In simple terms, shear stress measures the “push” required to overcome the internal friction within the fluid to maintain smooth, layered flow.

The mathematically definition of shear stress is :

$\tau =\frac{\mathrm{Force}}{\mathrm{Area}}$

This is expressed as lb/100 ft² or as Dynes/cm²

Shear Rate : The shear rate is a measure of how quickly the velocity of a fluid changes from one layer to the next as it flows. Think of it like this:

• Imagine the fluid as a stack of thin layers (laminae).
• Some layers move faster than others, like a deck of cards being slid sideways.
• The shear rate tells us how much the speed changes between two neighboring layers for every unit of distance between them.

In simple terms, it’s the rate at which the fluid layers “shear” or slide past each other. It’s typically expressed in units like 1/second (s⁻¹), showing how the velocity changes per unit distance.

In oilfield units, the viscosity is measured in centipoise (cp).

For a Newtonian fluid, the relationship between shear stress (force applied) and shear rate (how fast the fluid flows) is directly proportional. The viscosity (resistance to flow) stays constant and is the only factor needed to describe how the fluid flows.

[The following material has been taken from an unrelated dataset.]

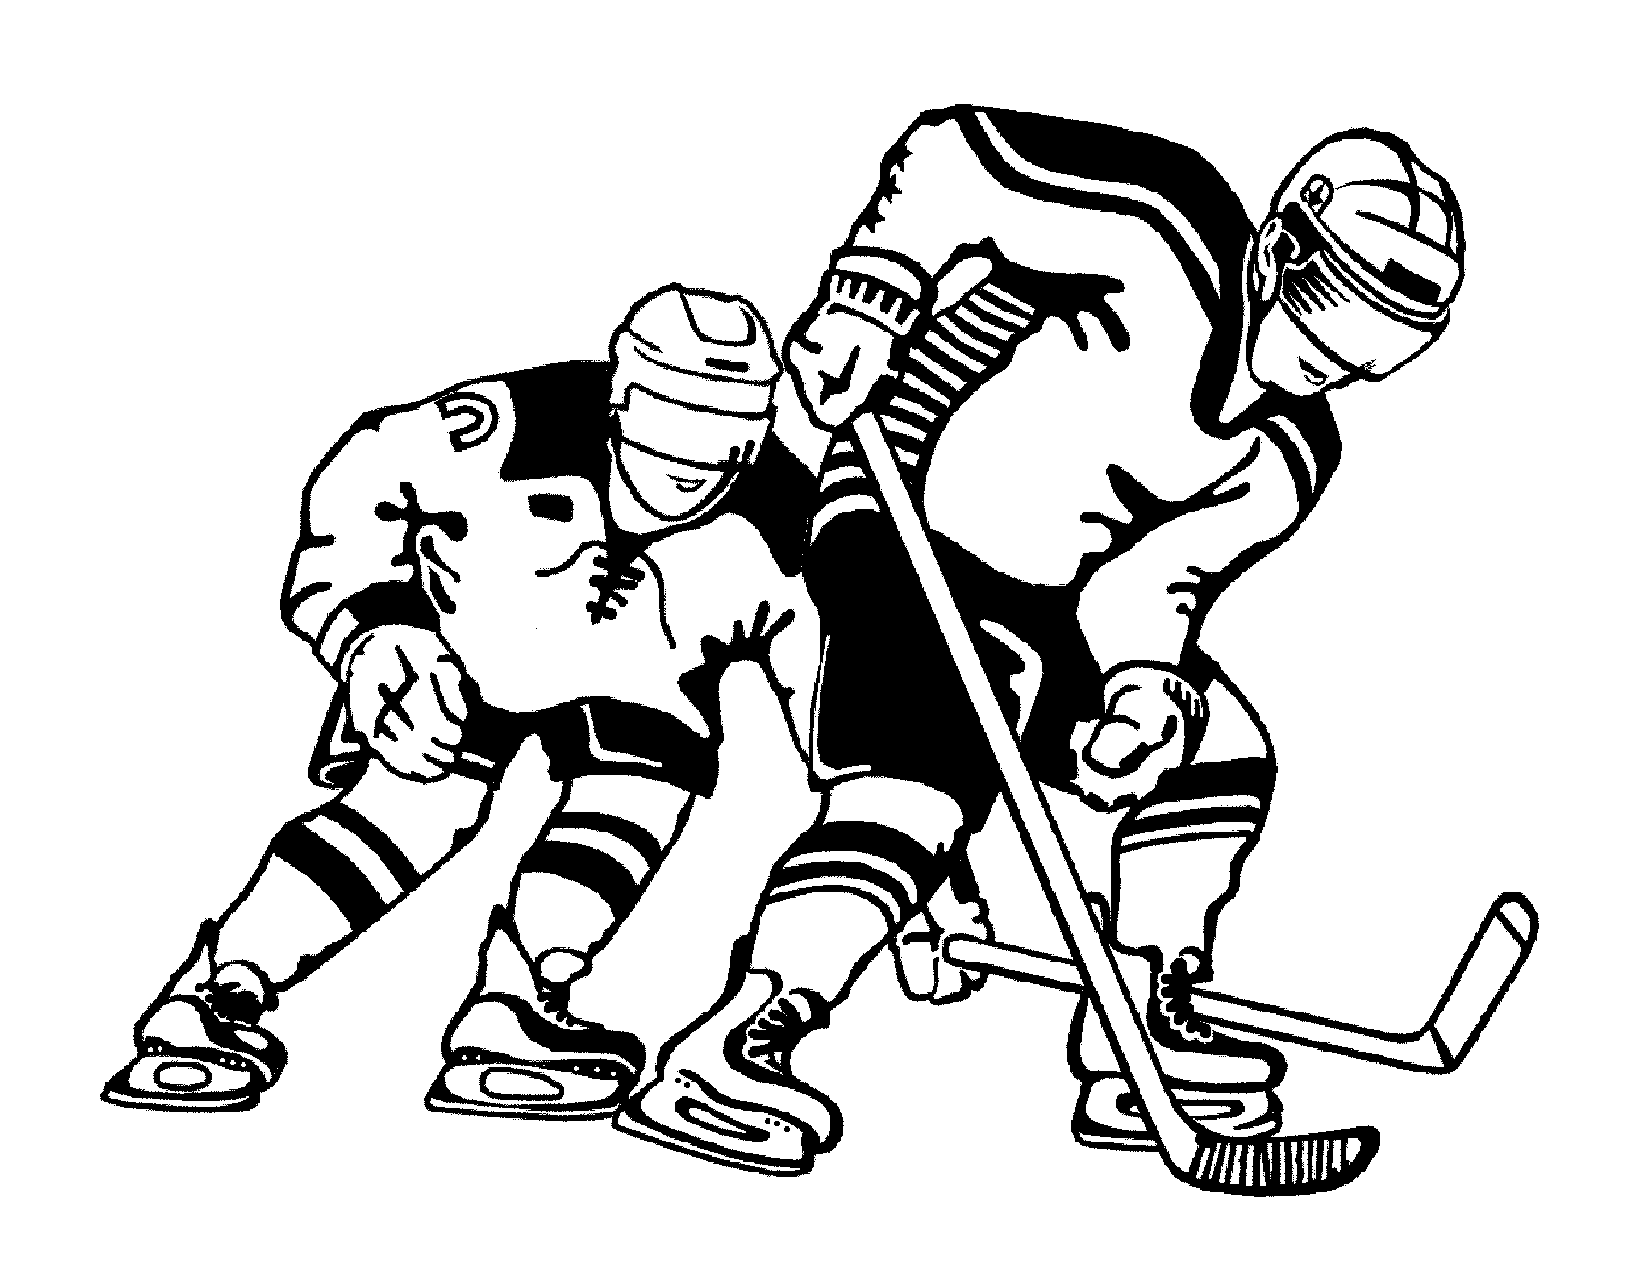 Sorry the coloring sheet didn't load, it can also be found
      on my Facebook Page at fb.me/goaliepow

For non-Newtonian fluids (like most drilling fluids), the relationship between shear stress and shear rate is more complex and is described by the effective viscosity. However, the effective viscosity is not constant.

• At low shear rates (when the fluid is moving slowly), the effective viscosity is high.
• At high shear rates (when the fluid is moving quickly), the effective viscosity is low.
• This means the fluid becomes thinner (less viscous) as the shear rate increases. This behavior is called shear thinning.

Shear thinning is a very useful property for drilling fluids:

• At high shear rates (in the drill pipe and bit nozzles), the viscosity is lower, allowing the fluid to flow more easily.
• At low shear rates (in the annulus), the viscosity is higher, helping to lift and remove cuttings effectively.